- _How to complete this task_
Below is a listing; repeat exactly the lines from the one containing "Software de gestión de IBM" to the one containing "ADIDAS - Adidas", both included.

- _Source material_
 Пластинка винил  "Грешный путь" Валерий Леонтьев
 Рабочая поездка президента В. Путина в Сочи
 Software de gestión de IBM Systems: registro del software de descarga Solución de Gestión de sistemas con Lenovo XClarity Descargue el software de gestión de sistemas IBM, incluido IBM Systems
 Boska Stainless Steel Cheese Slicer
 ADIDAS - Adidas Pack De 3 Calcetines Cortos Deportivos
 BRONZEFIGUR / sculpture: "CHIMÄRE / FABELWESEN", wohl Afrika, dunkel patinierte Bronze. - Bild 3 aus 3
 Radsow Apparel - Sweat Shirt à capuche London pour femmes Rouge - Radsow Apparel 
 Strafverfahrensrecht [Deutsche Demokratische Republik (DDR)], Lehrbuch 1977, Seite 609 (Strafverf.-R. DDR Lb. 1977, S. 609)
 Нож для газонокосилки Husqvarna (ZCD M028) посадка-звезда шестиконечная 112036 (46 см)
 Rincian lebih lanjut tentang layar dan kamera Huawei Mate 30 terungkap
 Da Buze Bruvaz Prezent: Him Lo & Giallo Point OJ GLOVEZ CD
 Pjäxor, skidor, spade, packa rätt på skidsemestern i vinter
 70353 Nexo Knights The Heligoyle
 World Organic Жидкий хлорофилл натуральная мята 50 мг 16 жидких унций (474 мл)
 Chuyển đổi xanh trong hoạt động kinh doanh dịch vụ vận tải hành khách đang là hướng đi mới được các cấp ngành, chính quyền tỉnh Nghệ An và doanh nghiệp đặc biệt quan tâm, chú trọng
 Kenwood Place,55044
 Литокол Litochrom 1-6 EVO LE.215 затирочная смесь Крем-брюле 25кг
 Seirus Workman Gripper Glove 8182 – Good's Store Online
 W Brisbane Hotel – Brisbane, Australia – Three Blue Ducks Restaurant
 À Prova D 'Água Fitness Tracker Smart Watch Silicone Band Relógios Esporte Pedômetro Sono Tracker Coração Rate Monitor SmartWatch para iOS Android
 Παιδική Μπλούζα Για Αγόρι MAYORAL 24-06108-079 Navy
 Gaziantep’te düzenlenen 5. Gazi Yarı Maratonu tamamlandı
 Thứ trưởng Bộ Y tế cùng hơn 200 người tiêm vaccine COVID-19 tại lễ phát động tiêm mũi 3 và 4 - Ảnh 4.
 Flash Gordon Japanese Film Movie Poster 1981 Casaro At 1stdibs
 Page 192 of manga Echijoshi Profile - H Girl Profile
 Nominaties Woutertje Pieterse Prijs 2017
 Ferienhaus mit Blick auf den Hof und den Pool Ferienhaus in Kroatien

- _Result of the task_
 Software de gestión de IBM Systems: registro del software de descarga Solución de Gestión de sistemas con Lenovo XClarity Descargue el software de gestión de sistemas IBM, incluido IBM Systems
 Boska Stainless Steel Cheese Slicer
 ADIDAS - Adidas Pack De 3 Calcetines Cortos Deportivos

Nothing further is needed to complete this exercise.